Code to convert to TensorRT:
import tensorflow as tf
gpu_devices = tf.config.experimental.list_physical_devices(‘GPU’)
tf.config.experimental.set_memory_growth(gpu_devices[0], True)
tf.config.experimental.set_virtual_device_configuration(
gpu_devices[0],
[tf.config.experimental.VirtualDeviceConfiguration(
memory_limit=1800)]) ## Crucial value, set lower than available GPU memory (note that Jetson shares GPU memory with CPU)

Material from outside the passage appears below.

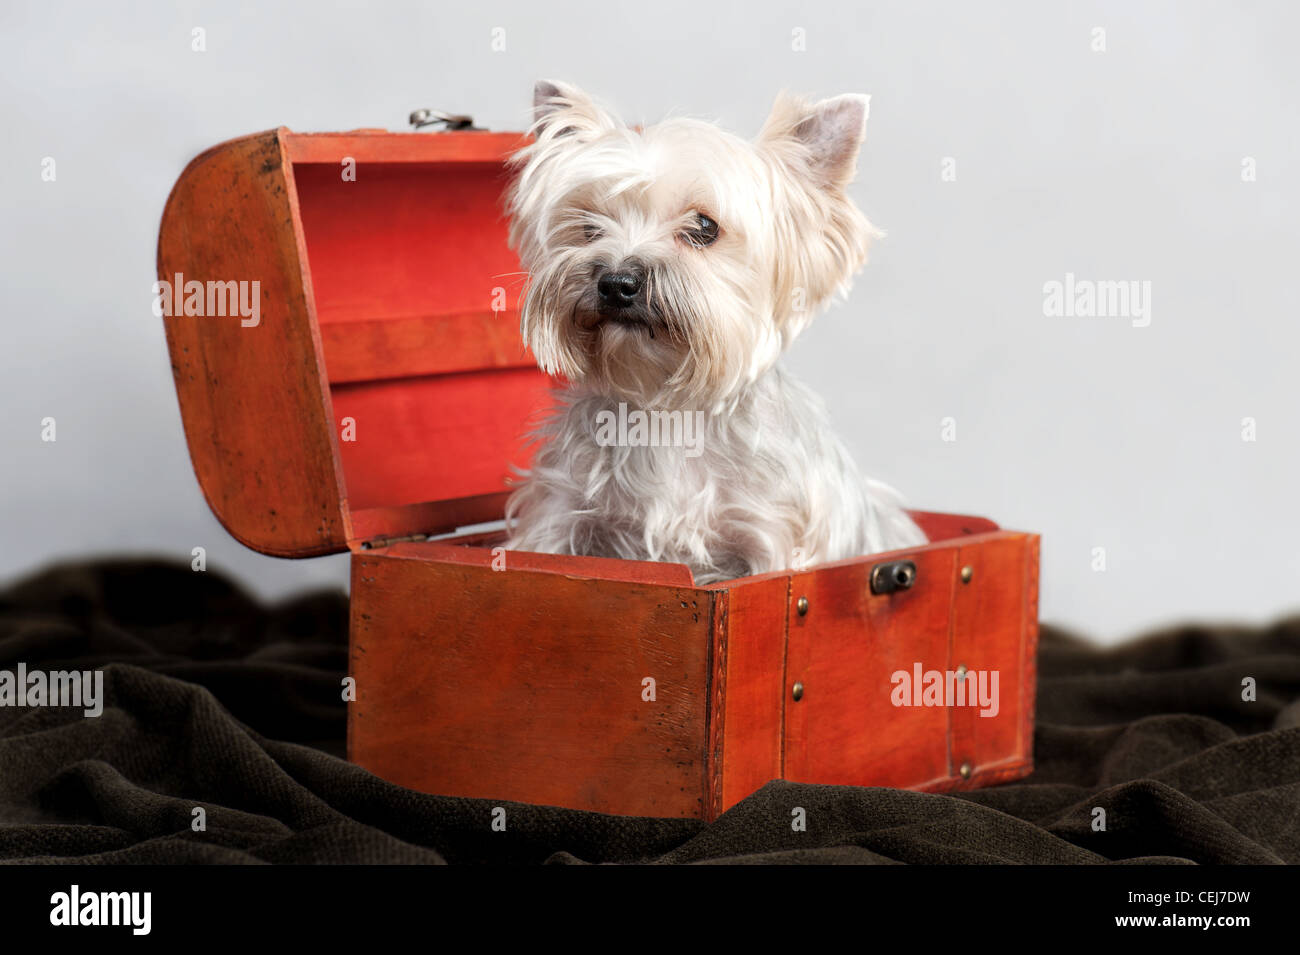 Yorkshire Terrier dans une boîte en bois, sur fond gris Banque D'Images

from tensorflow.python.compiler.tensorrt import trt_convert as trt
import numpy as np
conversion_params = trt.DEFAULT_TRT_CONVERSION_PARAMS
conversion_params = conversion_params._replace(max_workspace_size_bytes=(1500000000))
conversion_params = conversion_params._replace(precision_mode=“FP16”)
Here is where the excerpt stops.